Re: http://news.ycombinator.com/item?id=903841 (and similar discussions about signal-to-noise)<p>What if HN limited submissions to one per day?<p>Wouldn't this encourage more quality submissions and discourage the "hurl everything at the wall and see what sticks" approach?<p>One question would be a case where someone has a few good stories to submit. In that case (if they're really that good) I imagine one of two things happening:<p>- others submit them and have the opportunity to participate on the site (wouldn't broader participation be a good thing?)
- nobody submits them and they can be added the next day<p>The basic idea is that you have one shot per day, so make it a good one: helpful, interesting, meaningful, etc.
======
run4yourlives
The real issue though is that nickb stopped posting. That guy was pumping out
more "quality content" than the next 10 submitters combined.
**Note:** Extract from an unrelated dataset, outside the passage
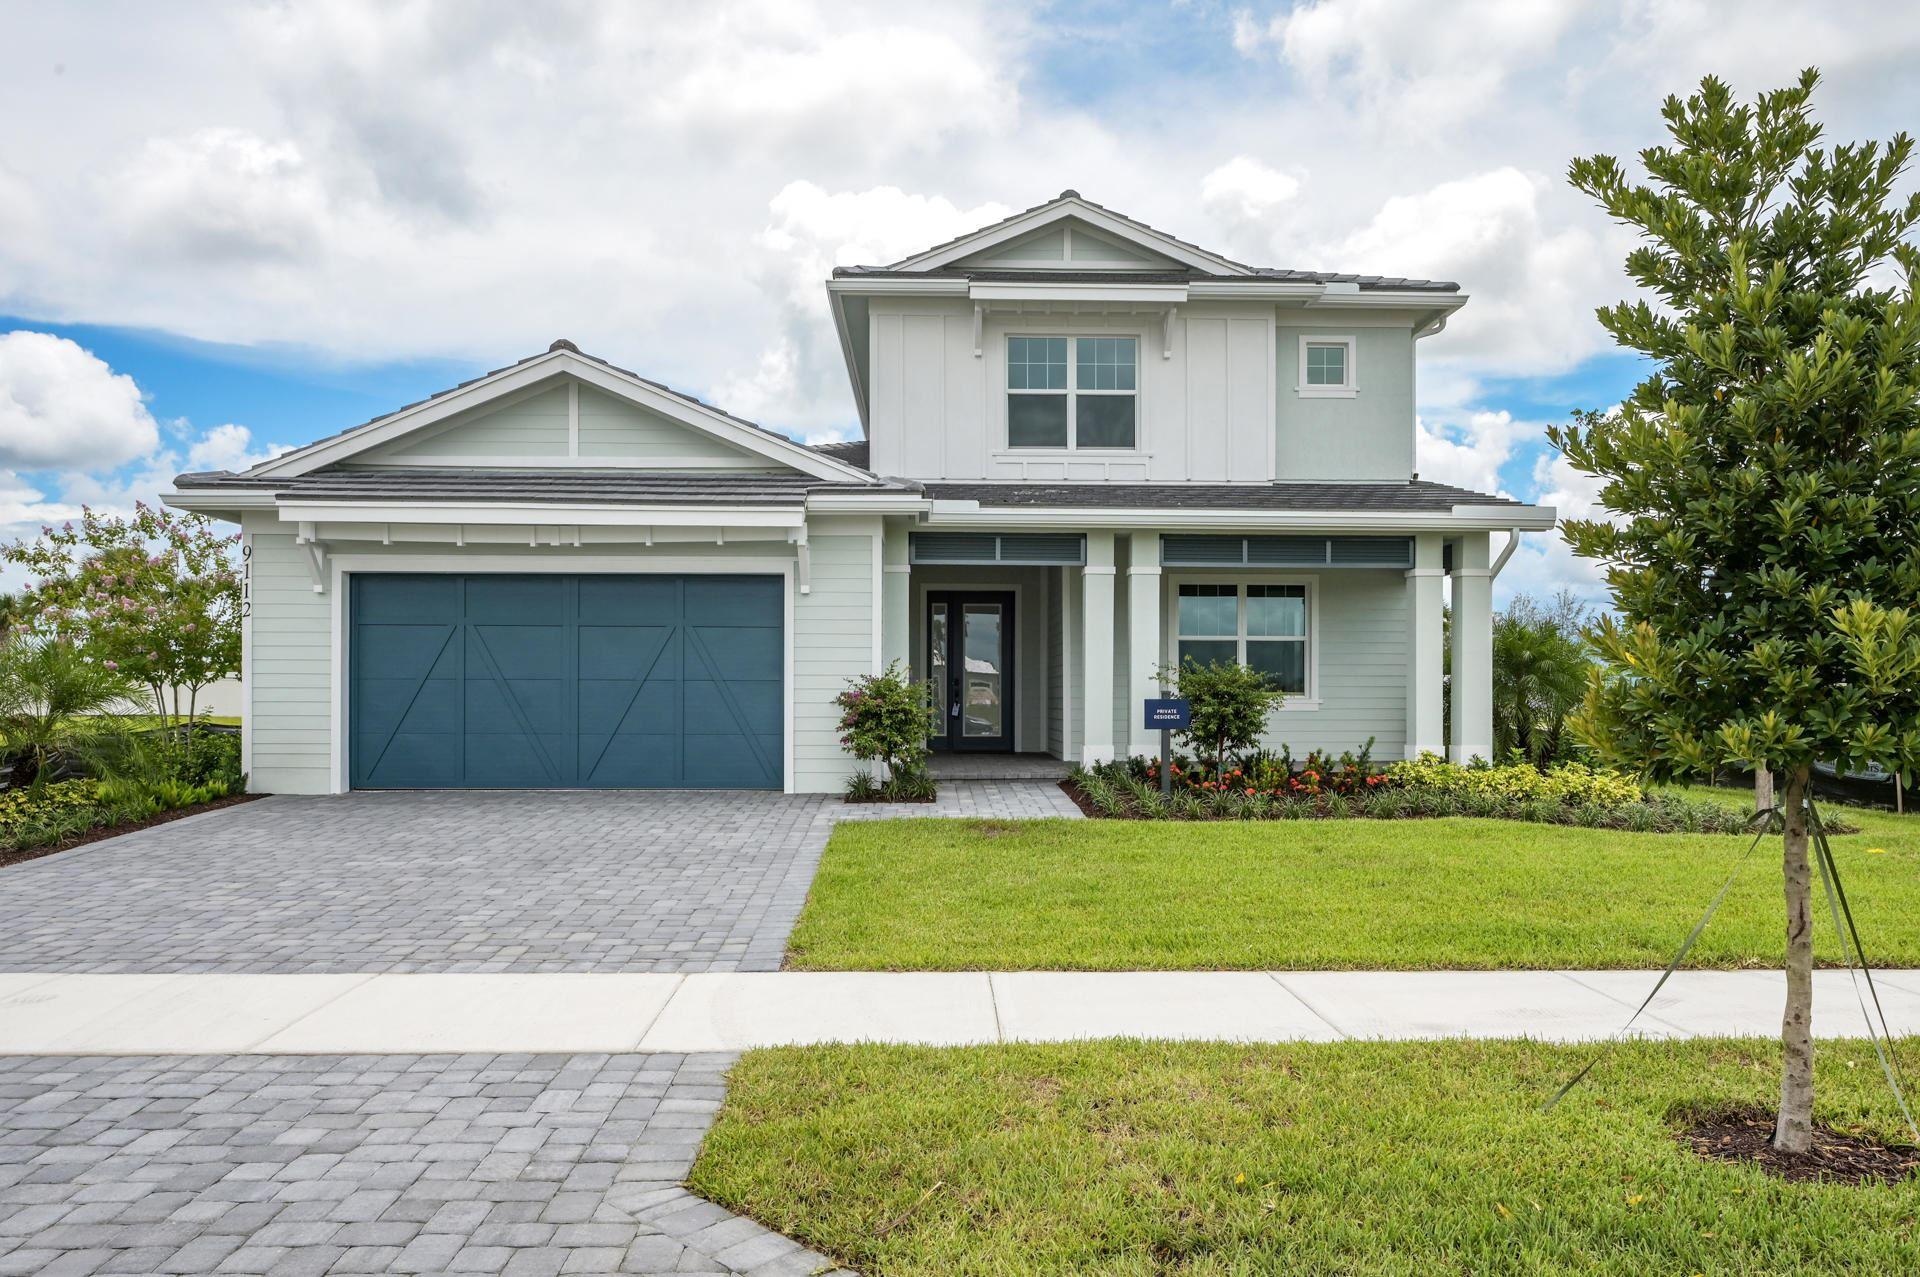 Photo of 9112 Crestview Circle, Palm Beach Gardens, FL 33412 (MLS # RX-10728202)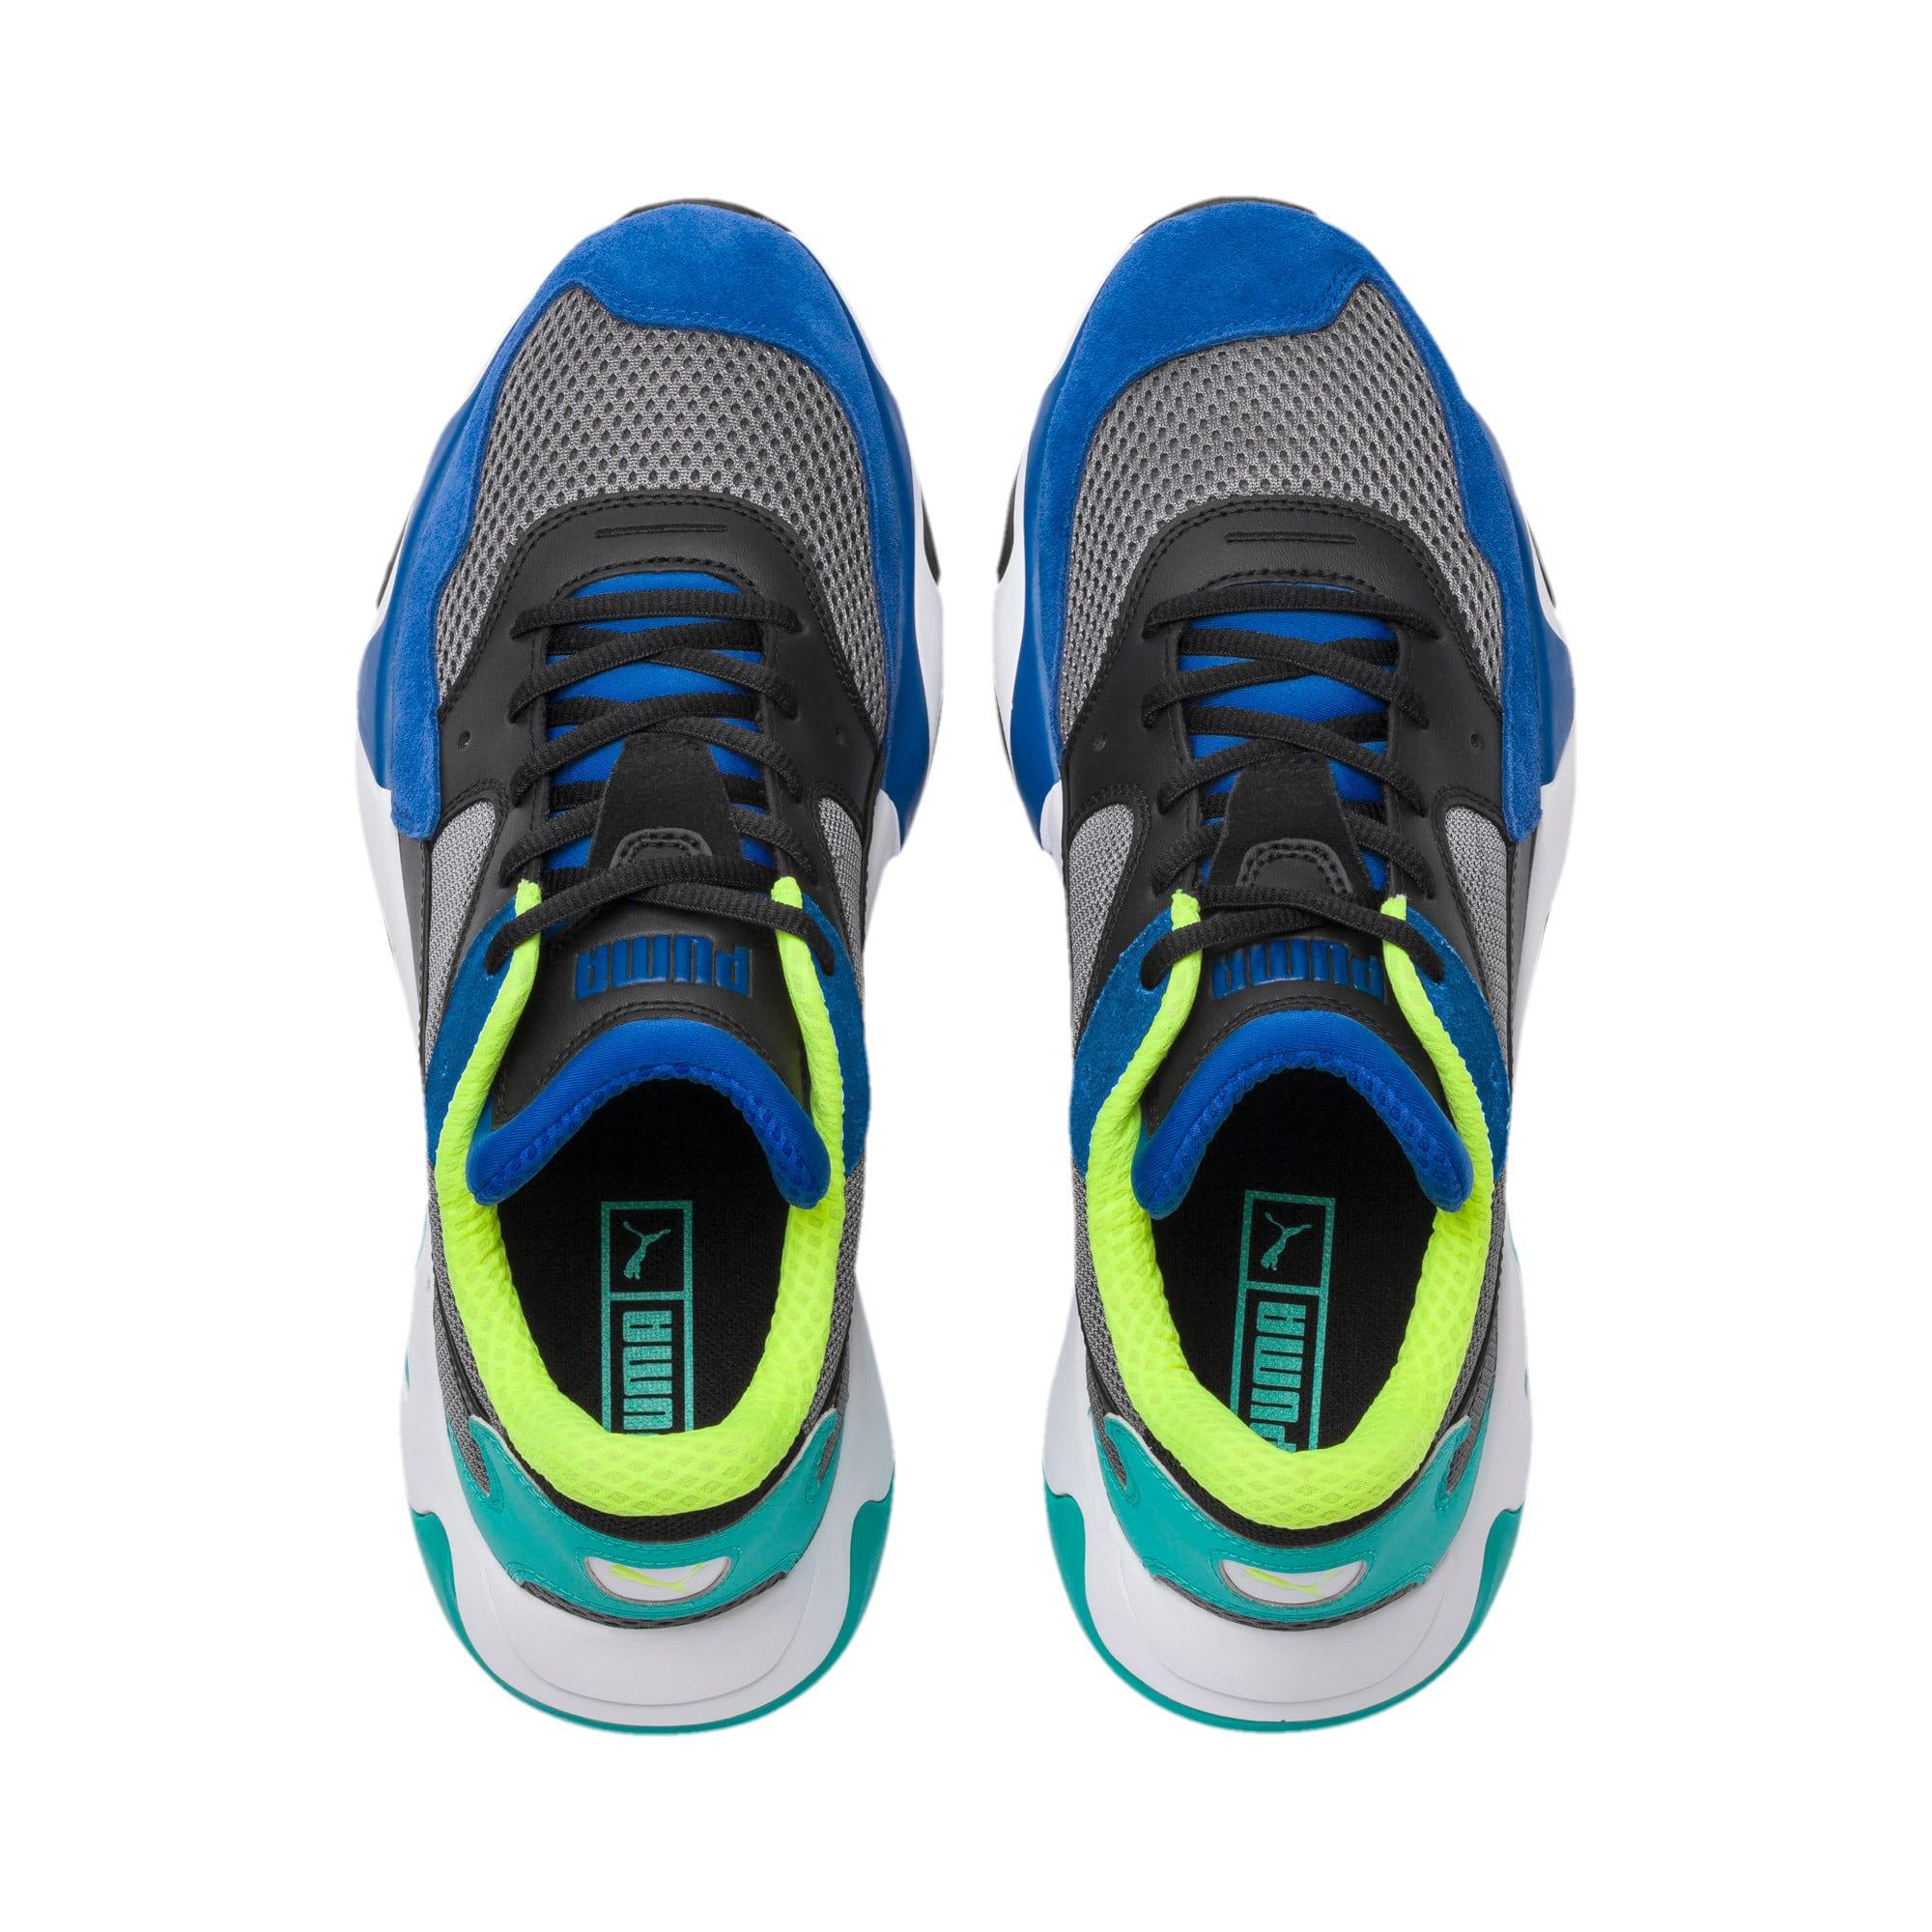 Thumbnail 7 of Storm Origin Sneaker, Galaxy Blue-CASTLEROCK, medium

I have no idea how to fix it, but that's your problem; even with a lot of
noise, nickb's posts kept the front page clean and interesting. (It still is,
just not to the same level as before)

Perhaps some sort of submission allotment per karma? 1 post default, extra
posts for every 1000 over karma? You could also factor in how the posts/person
performs...i.e. if your last post doesn't earn to enough points, it counts for
2 submissions, etc.

Conversely, you could make the first post use all your available post points,
and then as it performs and gets voted up, you earn them back. That way you
would post your better stuff first and leave the poorer stuff to the end, but
you still get a chance to submit it.

------
jasonlbaptiste
I understand the point here, but I think the quality would go down. I actively
want to share great articles on here. If I were limited to only 1 thing a day,
there are a lot of things that just would never end up here. You may be able
to say: "oh, but someone else will find it." For really obscure articles, this
probably isn't true.

Apply this to those under a certain Karma threshold and you _might_ be on to
something.

------
billswift
Bad idea. Some days I see several things I think are worth posting (most
apparently don't agree, only some get much karma), most days I don't see
anything that hasn't already been posted. Maybe have an initial karma hit when
you post something, say "pay" 5 points to post, if many people like it, you'll
get it back.